Sex nach Plan belastet die Beziehung
Beim unerfüllten Kinderwunsch ist das nicht anders. Die Paare sind bestens über die medizinischen Möglichkeiten informiert. Aber sie sind häufig in einem psychischen Ausnahmezustand. Während der anstrengenden Versuche, ein Kind mit Reproduktionstechnologie zu bekommen, leiden nicht selten die Beziehung und das Sexualleben der Paare. Sie leben ständig unter Stress und Zeitdruck. Sex nach Plan in der fruchtbaren Zeit belastet, das Lustempfinden geht verloren.
„Es ist eine Achterbahn der Gefühle“, sagt Rita Klügel. Und es gibt Tabugrenzen in einer Partnerschaft. In einem professionell geführten Gespräch in der Beratungsstelle können Dinge dagegen ausgesprochen werden, über die man zu zweit nicht so einfach redet. Ist der Kinderwunsch dank modernster medizinischer Technik erfüllt, kann es ganz andere Probleme geben, sagt Klügel. Sie kennt Frauen, die sich fragen: Wie sage ich meinem Kind, dass es nicht im Mutterleib erzeugt, sondern im Labor entstanden ist? Auch in dieser Situation kann die psychosoziale Beratung hilfreich sein.

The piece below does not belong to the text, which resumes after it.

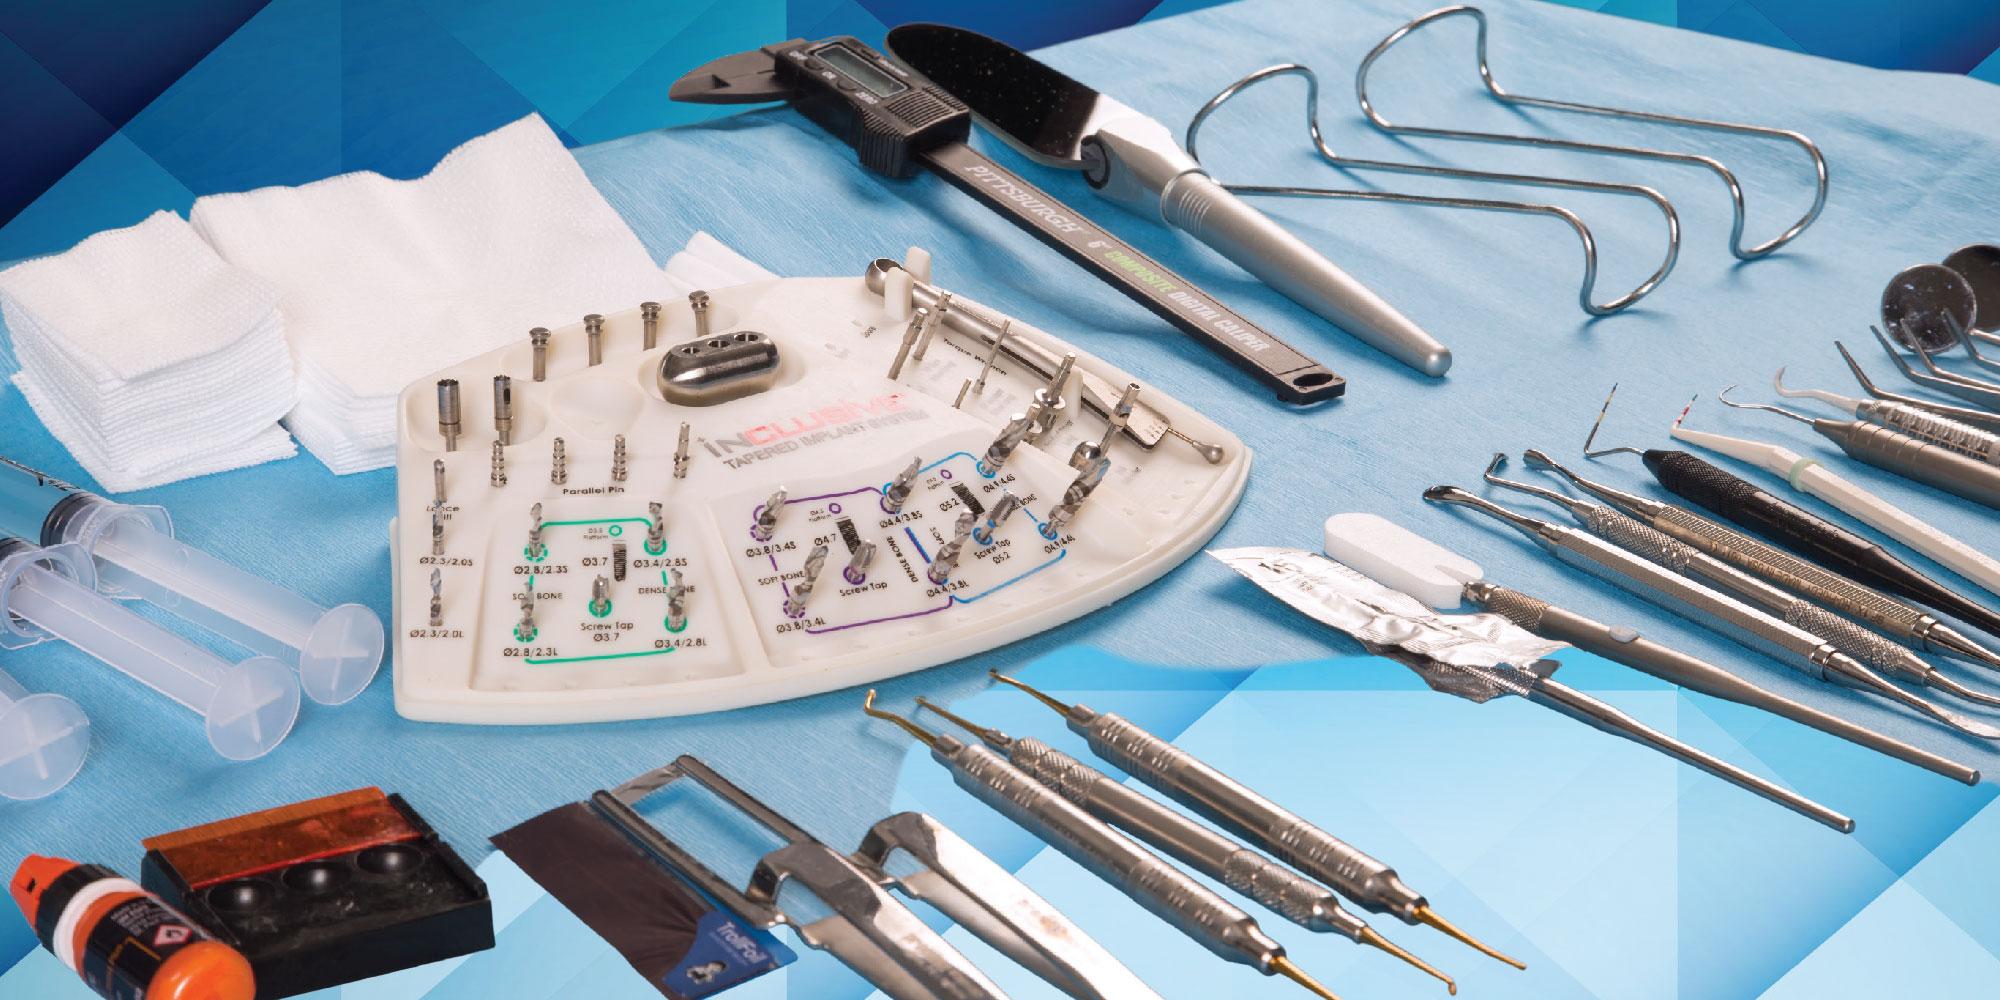 Хирургическая стоматология набор для имплантации

Fachleute gehen davon aus, dass die Zahl der Paare, die sich ihren Kinderwunsch durch eine reproduktionsmedizinische Behandlung erfüllen wollen, angesichts des medizischen Fortschritts weiter zunehmen wird. „Wir wollten auf diese gesellschaftliche Veränderung eine Antwort geben,“ sagt Rita Klügel. Deshalb hat sie mit Kolleginnen eine Zusatzqualifikation erworben.
Zertifizierte Beraterinnen für den unerfüllten Kinderwunsch gibt es auch in den Beratungsstellen von Donum Vitae in Memmingen und Neu-Ulm.